母は昨年白内障を患い、目が見えにくくなったのを機に免許を返納し、愛車も処分した。
バスも通らないど田舎ゆえ、車と免許がないとさぞかし不便だろうと思ったら、そうでもないという。
元々買い物が嫌いなんである。
金を使うのが嫌いなのではなく、人に買ったものを見られるのが嫌という自意識過剰気味な性格によるものなので根が深い…
日常品、食品は同居の弟がメモを片手に買いに行き、もしくは商売をしている親戚に頼んで宅配してもらい、野菜は家の前の畑で自作、米は古い友人達から買い付け、特に食生活に不自由はない…。
食生活においてただひとつ足りないもの、それは田舎の女性の社交「お茶飲み」の茶菓子が足りないのが悩みなんだという。
そりゃそうだな、ジャンクフード世代の弟におばちゃんのお茶飲み用茶菓子を用意するセンスはないわな。
じゃあ弟の運転で町に買いに行けばいいじゃないかと思うのだが、前述の理由で買い物が嫌い。じゃあどうすんだよ?
ということで、母の話を聞いた結果、私が実家に行く時(月に1.2回)の手土産は「お茶飲みのお茶菓子」ということになった。
最初は訳が分からず近所のスーパーで買った「いかにもおばちゃんの好きそうな茶菓子(ひとくち羊羹とかまんじゅうとか)を持っていったのだが、何回か持っていくうちに、コツというか傾向と対策を掴んできた。
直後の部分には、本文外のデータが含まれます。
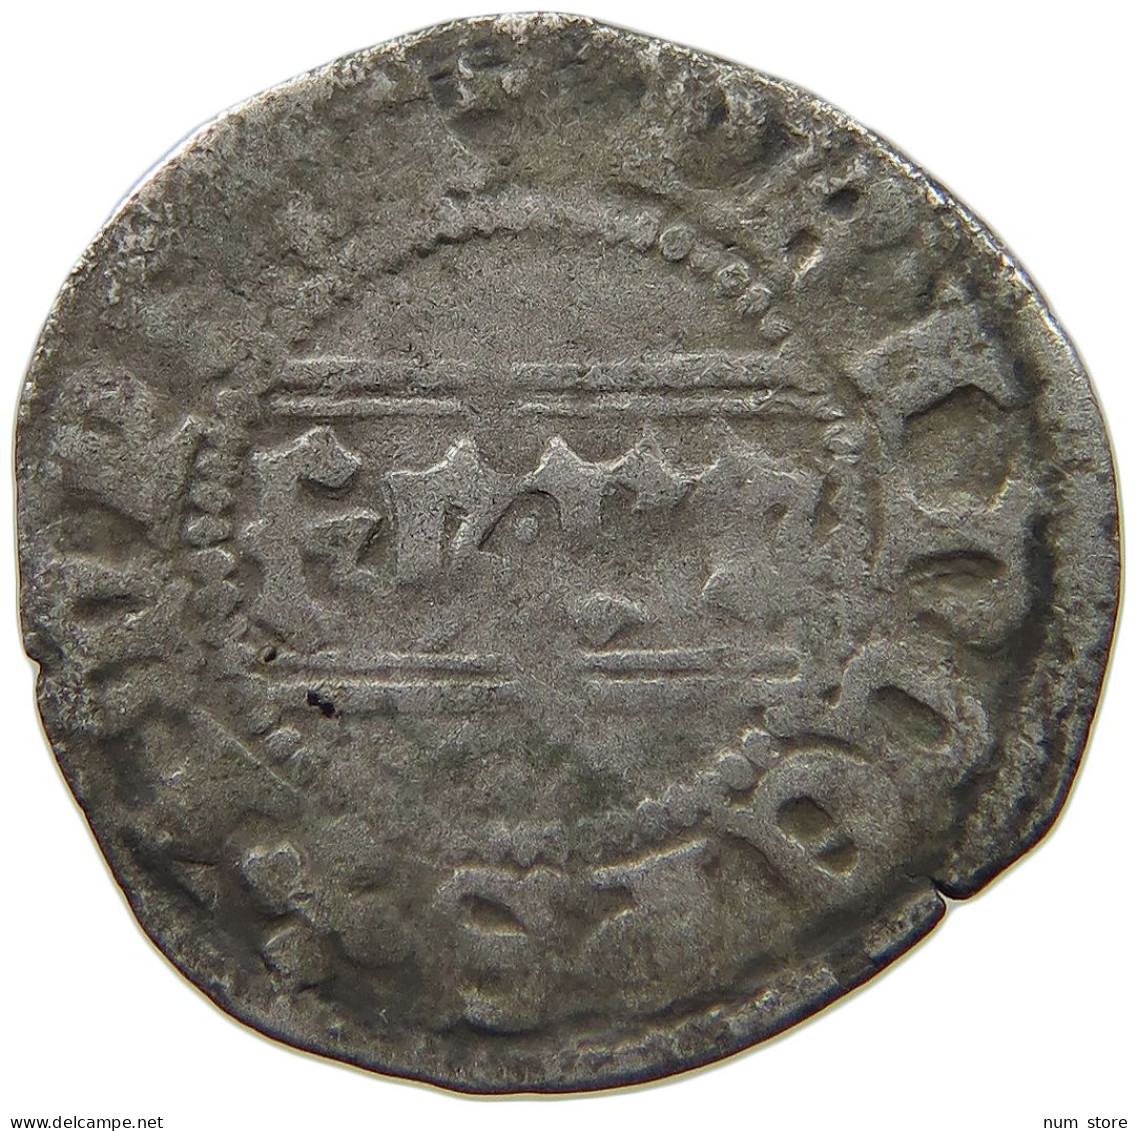 ITALY SAVOY SAVOIE QUART DE GROSS 1434 -1465 GENÈVE, L'ATELIER DE CORNAVIN. LOUIS I, 1434 -1465.  #MA 024939 - Piemonte-Sardegna, Savoia Italiana

母は「カルディ」とか「イカリスーパー」とか「成城石井」とかで売っている、ちょっと小洒落たお茶菓子を喜ぶのである!
(たしかに、実家の町にはどれもないわ。ウチの近所にもないけどな!)
ちょっと毛色の変わった菓子を出せば、話題も広がるし(そこらへんの話術は巧み)ちょっとステキなパッケージに枯れた心も踊るらしい…
田舎のおばちゃんだけど、心はいつまでも貴婦人なんである。
そこにデパートで買ったちょっとした菓子(モロゾフとかメリーズとか…)などちょっと入れておけば大満足✨近所の人にいただきものをした時にお返しに渡せば母の虚栄心は完璧なものとなるのであった。
最近の我が家には実家用に「お菓子袋」を用意し、先述した店に行った時は必ず母の好きそうなものを買ってストックするようにしている。
もう一つ、気づいたことは母は「カルディ」の紙袋が好きだということ。
丈夫だし、ちょっとおしゃれだし、田舎にはないお店なので何かお返しを渡す時に都合がいいらしい。一枚何十円かするのだが、母が喜ぶならそりゃ買いますとも!
母が元気なうちは、数少なくなったお友達、幼なじみといった貴婦人の皆さんとお茶会をするであろう。
そのささやかな楽しみの手伝いができればと思っている。